Ovid's Metamorphoses Book 1. 141-150

leonhartu

Member
iamque nocens ferrum ferroque nocentius aurum
prodierat, prodit bellum, quod pugnat utroque,
sanguineaque manu crepitantia concutit arma.
vivitur ex rapto: non hospes ab hospite tutus,
non socer a genero, fratrum quoque gratia rara est;
Inminet exitio vir coniugis, illa mariti,
lurida terribiles miscent aconita novercae,
filius ante diem patrios inquirit in annos:
victa iacet pietas, et virgo caede madentis
ultima caelestum terras Astraea reliquit.

And, already, a golden criminal iron, more criminal
than iron (itself), has shown up, the war appeared, one
fought against the other, and waved rattling weapons
with bloody hand. It is lived from stealing: isn't safe
the guest from the host, the father from the son, and,
likewise, the goodwill between brothers is rare;
The husband plans for the destruction of the wife, and
she for his, horrible stepmothers stir up wan aconites,
the son is interested in his father's age before the time:
The beaten piety lies on the ground, and Astraea, the last virgin
of the gods, leaves lands made wet by death.

In "vivitur ex rapto" why Ovid uses "ex" instead of "a"? Wouldn't it make more sense as "It is lived by (means of) stealing"? And in "caede madentis... terras" why is it in the genitive? "Lands of wetting by death", "Lands of being by death wet" or "Lands of dripping by/with death" make no sense, and I can't see it as a partitive genitive of lands.

I appreciate any help/correction.
 

Araneus

Umbraticus Lector
Madentis is an accusative going with terras. 'The virgin Astraea is the last of the gods to leave an earth moist with slaughter'. Not the most elegant translation perhaps, but I think the meaning gets across.

As for ex rapto, I guess the sense is that people live 'out from plunder', i.e. stealing what they need to live, instead of procuring it by other means. 'From plunder, life', kind of.
 

Araneus

Umbraticus Lector
Also, the translation is a bit off, I think. As for the first lines, I believe the sense is rather something like this:

'And now hurtful iron, and gold more hurtful than iron, it (the earth, see the preceding lines) put forth. It brought forth war, which fights by means of both (both iron (weapons) and gold (greed))...
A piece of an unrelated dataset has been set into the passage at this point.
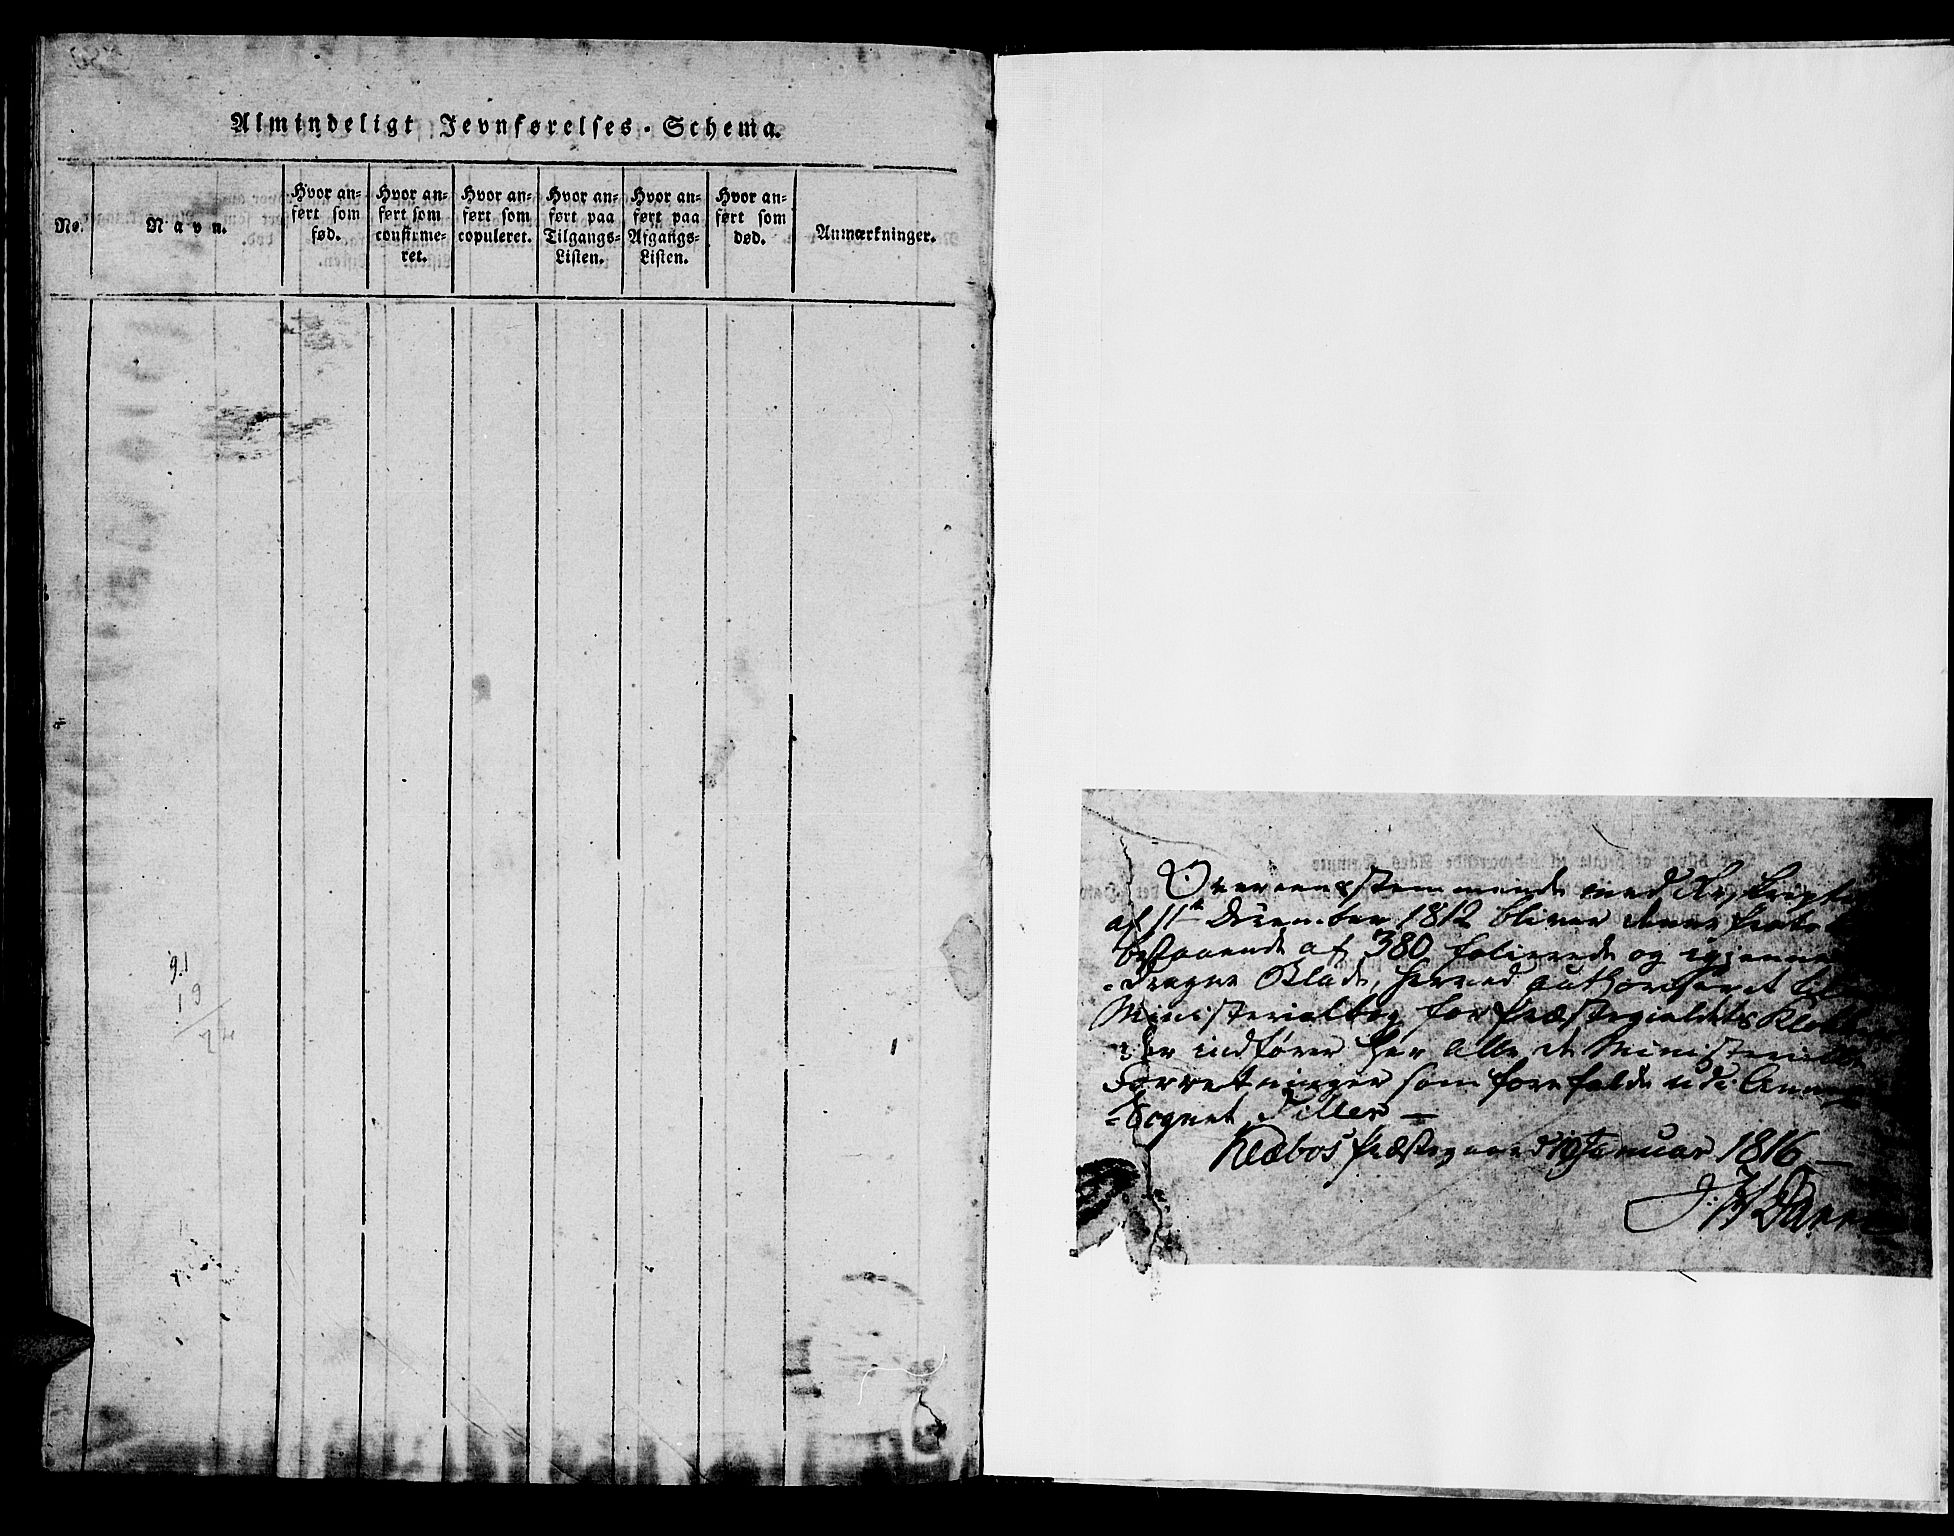 SAT, Ministerialprotokoller, klokkerbøker og fødselsregistre - Sør-Trøndelag, 621/L0458: Klokkerbok nr. 621C01, 1816-1865

So iron represents weapons, gold represents greed. The first is an instrument of war, the second a cause of war. That's how I read it at least.
 

LVXORD

Civis Illustris
Out of interest, can prodierat (from prodeo, right?) really have that transitive sense? Or have you merely taken some liberties with your translation?
 

Araneus

Umbraticus Lector
Out of interest, can prodierat (from prodeo, right?) really have that transitive sense? Or have you merely taken some liberties with your translation?
Oh, I mixed with Prodo. Of course it's from prodeo, and, as such, intransitive. Makes it a bit simpler.